Among the records below, find each line containing the word "flott" and copy it.

BEGIN Stored data

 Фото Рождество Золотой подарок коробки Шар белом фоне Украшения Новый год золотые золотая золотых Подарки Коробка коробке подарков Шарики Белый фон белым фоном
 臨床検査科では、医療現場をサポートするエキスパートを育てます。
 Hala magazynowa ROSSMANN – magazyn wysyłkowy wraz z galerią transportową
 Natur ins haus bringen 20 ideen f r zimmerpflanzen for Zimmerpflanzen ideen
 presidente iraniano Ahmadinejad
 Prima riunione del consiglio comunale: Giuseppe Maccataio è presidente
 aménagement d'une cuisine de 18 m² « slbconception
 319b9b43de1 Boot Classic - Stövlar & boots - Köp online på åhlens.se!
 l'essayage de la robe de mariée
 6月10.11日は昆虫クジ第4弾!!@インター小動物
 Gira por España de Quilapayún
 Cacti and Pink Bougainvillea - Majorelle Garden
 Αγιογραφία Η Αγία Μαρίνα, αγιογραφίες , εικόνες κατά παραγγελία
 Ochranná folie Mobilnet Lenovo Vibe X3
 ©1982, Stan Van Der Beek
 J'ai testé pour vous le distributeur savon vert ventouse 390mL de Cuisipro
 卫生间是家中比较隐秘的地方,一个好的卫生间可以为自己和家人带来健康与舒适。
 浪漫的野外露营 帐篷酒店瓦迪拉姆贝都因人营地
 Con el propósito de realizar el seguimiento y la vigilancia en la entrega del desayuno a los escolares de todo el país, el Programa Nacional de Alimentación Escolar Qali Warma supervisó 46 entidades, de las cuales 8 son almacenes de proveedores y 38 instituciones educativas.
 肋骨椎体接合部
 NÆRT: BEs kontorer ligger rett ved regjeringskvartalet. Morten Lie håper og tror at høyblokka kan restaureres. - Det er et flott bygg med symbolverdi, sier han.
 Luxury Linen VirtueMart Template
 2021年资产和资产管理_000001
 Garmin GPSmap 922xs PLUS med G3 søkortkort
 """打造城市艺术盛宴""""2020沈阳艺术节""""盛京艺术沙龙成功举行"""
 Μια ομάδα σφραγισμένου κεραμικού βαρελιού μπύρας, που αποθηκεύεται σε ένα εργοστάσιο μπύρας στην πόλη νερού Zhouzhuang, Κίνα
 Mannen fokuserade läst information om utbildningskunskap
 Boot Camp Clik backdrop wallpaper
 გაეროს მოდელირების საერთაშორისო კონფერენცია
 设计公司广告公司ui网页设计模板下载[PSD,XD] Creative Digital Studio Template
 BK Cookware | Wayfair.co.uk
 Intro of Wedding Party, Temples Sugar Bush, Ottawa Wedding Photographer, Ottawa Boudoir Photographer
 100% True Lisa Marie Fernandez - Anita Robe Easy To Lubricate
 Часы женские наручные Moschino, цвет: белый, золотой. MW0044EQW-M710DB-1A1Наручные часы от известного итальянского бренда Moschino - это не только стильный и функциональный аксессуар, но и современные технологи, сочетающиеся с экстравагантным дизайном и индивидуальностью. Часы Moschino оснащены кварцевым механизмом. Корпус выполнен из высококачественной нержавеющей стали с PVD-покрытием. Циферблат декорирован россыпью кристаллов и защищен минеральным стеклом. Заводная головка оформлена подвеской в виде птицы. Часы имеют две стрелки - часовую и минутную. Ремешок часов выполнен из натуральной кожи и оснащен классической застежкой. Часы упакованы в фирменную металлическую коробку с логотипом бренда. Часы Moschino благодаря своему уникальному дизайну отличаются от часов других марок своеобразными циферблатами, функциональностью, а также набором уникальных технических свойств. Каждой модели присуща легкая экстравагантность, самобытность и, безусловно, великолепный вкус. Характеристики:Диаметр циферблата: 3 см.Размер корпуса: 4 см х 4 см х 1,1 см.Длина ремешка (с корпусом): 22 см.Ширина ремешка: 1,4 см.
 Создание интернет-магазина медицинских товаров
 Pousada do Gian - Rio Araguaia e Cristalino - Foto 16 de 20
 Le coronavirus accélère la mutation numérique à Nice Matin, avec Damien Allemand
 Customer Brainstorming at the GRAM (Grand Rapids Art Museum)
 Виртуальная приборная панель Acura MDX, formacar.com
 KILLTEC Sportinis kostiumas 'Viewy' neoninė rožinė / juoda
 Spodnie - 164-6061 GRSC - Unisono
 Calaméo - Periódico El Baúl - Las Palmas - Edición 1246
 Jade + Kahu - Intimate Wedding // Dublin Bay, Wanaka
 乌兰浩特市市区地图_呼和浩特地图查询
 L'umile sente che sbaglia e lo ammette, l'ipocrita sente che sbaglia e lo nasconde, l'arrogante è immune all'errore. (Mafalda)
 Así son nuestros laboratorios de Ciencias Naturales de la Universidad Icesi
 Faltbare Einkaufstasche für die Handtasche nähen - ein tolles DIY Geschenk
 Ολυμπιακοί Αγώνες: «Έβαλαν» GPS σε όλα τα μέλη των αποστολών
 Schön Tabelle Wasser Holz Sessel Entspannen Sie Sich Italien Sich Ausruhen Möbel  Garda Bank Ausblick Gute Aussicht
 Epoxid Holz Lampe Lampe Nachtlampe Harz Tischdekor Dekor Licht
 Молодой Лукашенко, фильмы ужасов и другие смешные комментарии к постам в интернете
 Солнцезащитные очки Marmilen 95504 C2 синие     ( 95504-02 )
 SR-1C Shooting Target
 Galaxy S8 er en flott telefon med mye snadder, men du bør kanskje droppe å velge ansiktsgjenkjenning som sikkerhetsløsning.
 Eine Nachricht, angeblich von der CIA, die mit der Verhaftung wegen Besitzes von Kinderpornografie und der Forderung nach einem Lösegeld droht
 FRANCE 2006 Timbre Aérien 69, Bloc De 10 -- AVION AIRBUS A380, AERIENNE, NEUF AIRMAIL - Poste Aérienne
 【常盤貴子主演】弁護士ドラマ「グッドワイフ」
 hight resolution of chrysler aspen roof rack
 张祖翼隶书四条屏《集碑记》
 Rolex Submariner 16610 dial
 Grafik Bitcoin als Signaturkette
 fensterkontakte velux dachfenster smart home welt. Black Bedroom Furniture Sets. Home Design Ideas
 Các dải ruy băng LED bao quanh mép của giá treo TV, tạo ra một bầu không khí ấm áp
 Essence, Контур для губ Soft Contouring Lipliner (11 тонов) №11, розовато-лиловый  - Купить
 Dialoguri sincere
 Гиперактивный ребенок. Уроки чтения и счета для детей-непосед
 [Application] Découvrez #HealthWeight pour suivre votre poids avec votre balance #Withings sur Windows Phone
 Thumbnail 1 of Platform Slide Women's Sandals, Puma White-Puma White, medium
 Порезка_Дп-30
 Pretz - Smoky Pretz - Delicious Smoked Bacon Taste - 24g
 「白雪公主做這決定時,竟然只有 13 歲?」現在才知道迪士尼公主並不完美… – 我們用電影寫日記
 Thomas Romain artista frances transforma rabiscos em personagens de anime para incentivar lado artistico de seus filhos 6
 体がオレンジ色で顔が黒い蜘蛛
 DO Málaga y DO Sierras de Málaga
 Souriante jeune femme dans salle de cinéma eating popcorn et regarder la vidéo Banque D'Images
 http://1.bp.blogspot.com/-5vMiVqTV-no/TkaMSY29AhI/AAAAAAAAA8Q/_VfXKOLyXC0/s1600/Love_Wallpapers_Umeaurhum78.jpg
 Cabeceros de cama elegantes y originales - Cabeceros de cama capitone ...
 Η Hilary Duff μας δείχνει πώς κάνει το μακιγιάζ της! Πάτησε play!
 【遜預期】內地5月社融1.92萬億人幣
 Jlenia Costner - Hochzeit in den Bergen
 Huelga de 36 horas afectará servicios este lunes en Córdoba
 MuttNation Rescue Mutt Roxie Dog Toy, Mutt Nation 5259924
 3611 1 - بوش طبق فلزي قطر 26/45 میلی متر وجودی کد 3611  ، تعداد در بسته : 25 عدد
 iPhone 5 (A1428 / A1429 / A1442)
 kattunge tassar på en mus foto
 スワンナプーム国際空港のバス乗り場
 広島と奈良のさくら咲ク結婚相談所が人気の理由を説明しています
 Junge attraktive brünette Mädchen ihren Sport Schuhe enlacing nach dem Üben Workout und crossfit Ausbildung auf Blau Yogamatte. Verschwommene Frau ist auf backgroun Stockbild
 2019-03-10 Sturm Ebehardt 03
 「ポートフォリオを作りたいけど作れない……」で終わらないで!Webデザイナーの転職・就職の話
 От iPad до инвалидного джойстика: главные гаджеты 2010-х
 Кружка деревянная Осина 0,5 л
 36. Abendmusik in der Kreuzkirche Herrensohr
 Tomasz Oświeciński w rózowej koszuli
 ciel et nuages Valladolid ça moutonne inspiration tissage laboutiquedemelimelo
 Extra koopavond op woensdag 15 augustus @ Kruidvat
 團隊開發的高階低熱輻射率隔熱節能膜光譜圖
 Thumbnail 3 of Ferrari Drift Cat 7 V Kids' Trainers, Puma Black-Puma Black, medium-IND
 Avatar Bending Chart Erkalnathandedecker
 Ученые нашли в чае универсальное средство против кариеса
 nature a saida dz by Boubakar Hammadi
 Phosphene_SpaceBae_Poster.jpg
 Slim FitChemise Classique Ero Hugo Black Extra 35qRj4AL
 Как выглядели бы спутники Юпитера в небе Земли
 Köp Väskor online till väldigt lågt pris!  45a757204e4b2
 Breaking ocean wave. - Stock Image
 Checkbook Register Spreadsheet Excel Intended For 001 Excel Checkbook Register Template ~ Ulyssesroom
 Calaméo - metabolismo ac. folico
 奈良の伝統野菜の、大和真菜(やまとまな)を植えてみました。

END Stored data

**Response for this exercise:**
 NÆRT: BEs kontorer ligger rett ved regjeringskvartalet. Morten Lie håper og tror at høyblokka kan restaureres. - Det er et flott bygg med symbolverdi, sier han.
 Galaxy S8 er en flott telefon med mye snadder, men du bør kanskje droppe å velge ansiktsgjenkjenning som sikkerhetsløsning.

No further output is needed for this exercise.